Если мой тезис верен, то в исторических объяснениях приобретает большое значение признание неопределенности, которое мы теперь можем задним числом «вчитать» в высказывание Томпсона, приведенное в начале главы: «Без временно́й дисциплины мы не смогли бы получить насущной отдачи от промышленного рабочего; в какой бы форме эта дисциплина ни навязывалась – методизмом, сталинизмом или национализмом, – она все равно придет в развивающийся мир». Если любая эмпирическая история капиталистического способа производства – это История 1, модифицированная разными и не всегда документированными способами Истории 2, то главный вопрос о капитале остается с точки зрения исторического анализа неразрешимым. Даже если бы предсказание Томпсона сбылось и такие страны, как Индия, вдруг наводнились бы людьми, подобными гипотетическим носителям протестантской этики в своем презрении к «лени», нам все равно не удалось бы решить окончательно одну проблему. Мы никогда не смогли бы узнать наверняка, произошло ли это потому, что временна́я дисциплина, описанная Томпсоном, действительно является универсальной функциональной характеристикой капитала, или потому, что мировой капитализм произвел насильственную глобализацию того фрагмента европейской истории, когда протестантская этика обрела особую ценность. Победа протестантской этики, сколь бы глобальной она ни оказалась, безусловно, не будет победой того или иного универсального. Вопрос, являются ли кажущиеся общими и функциональными требования капитала специфическим европейским компромиссом между Историей 1 и Историей 2, остается неразрешимым. Хорошим примером служит тема «эффективности» и «тунеядства» (
Ни одна историческая форма капитала, сколь бы глобальных масштабов она ни достигала, не сможет стать универсальной. Ни один глобальный (или локальный) капитал не сможет воспроизвести универсальную логику капитала, поскольку любая исторически наличная форма капитала представляет собой временный компромисс, сформированный из Истории 1, которая, в свою очередь, модифицирована чьей-то Историей 2. Универсальное в данном случае может существовать только в форме местоблюстителя, место которого всегда узурпировано частной исторической формой, стремящейся представить себя как универсалия.

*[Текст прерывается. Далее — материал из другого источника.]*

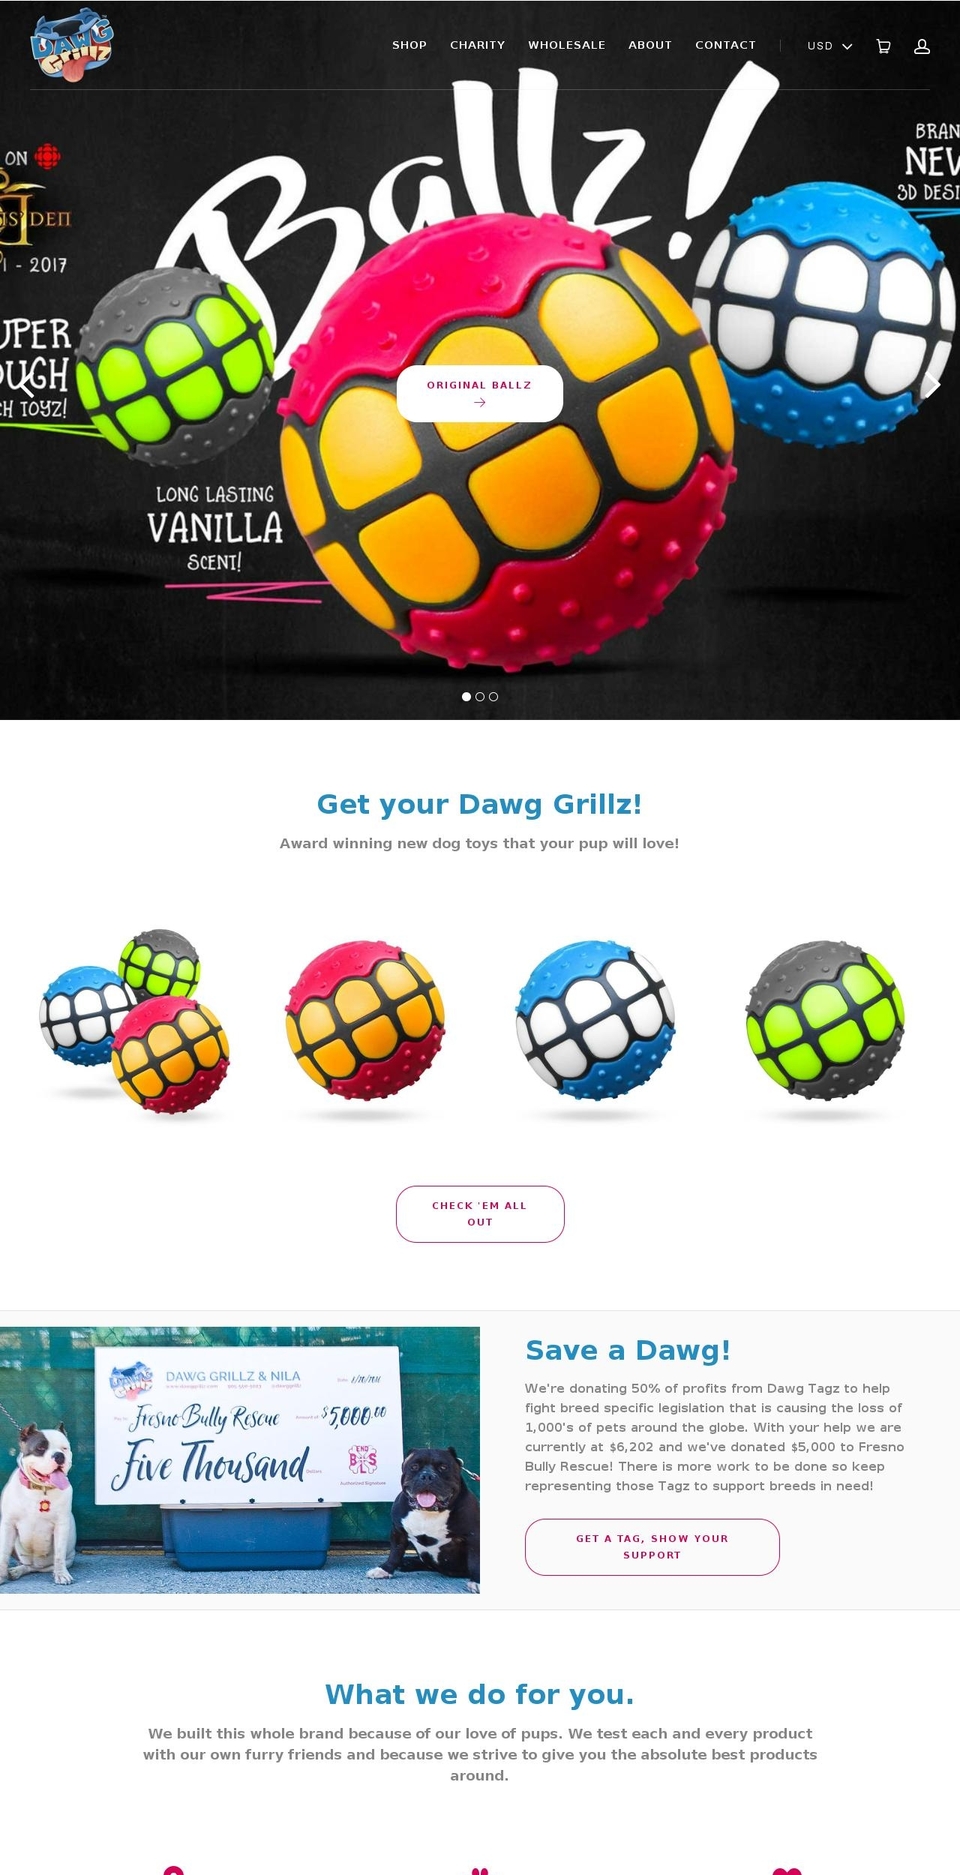 Launch Shopify theme site example dawggrillz.com

Это не значит, что мы отказываемся от универсалий, закрепленных в рационализме и гуманизме эпохи пост-Просвещения. Имманентная критика капитала Марксом стала возможной именно благодаря универсальным характеристикам, которые он распознал в самой категории «капитал». Без этого распознавания могли бы существовать только частные критики капитала. Но частная критика не может по определению быть критикой капитала, поскольку такая критика не может выбрать «капитал» своим объектом. Охватить категорию «капитал» – значит охватить ее всеобщее устройство. Мое прочтение Маркса ни в коей мере не избавляет от необходимости проявлять внимание к универсальному. Я попытался создать такое прочтение, при котором сама категория «капитал» становится местом, где универсальная история капитала и политика человеческой принадлежности получают возможность прерывать нарратив друг друга.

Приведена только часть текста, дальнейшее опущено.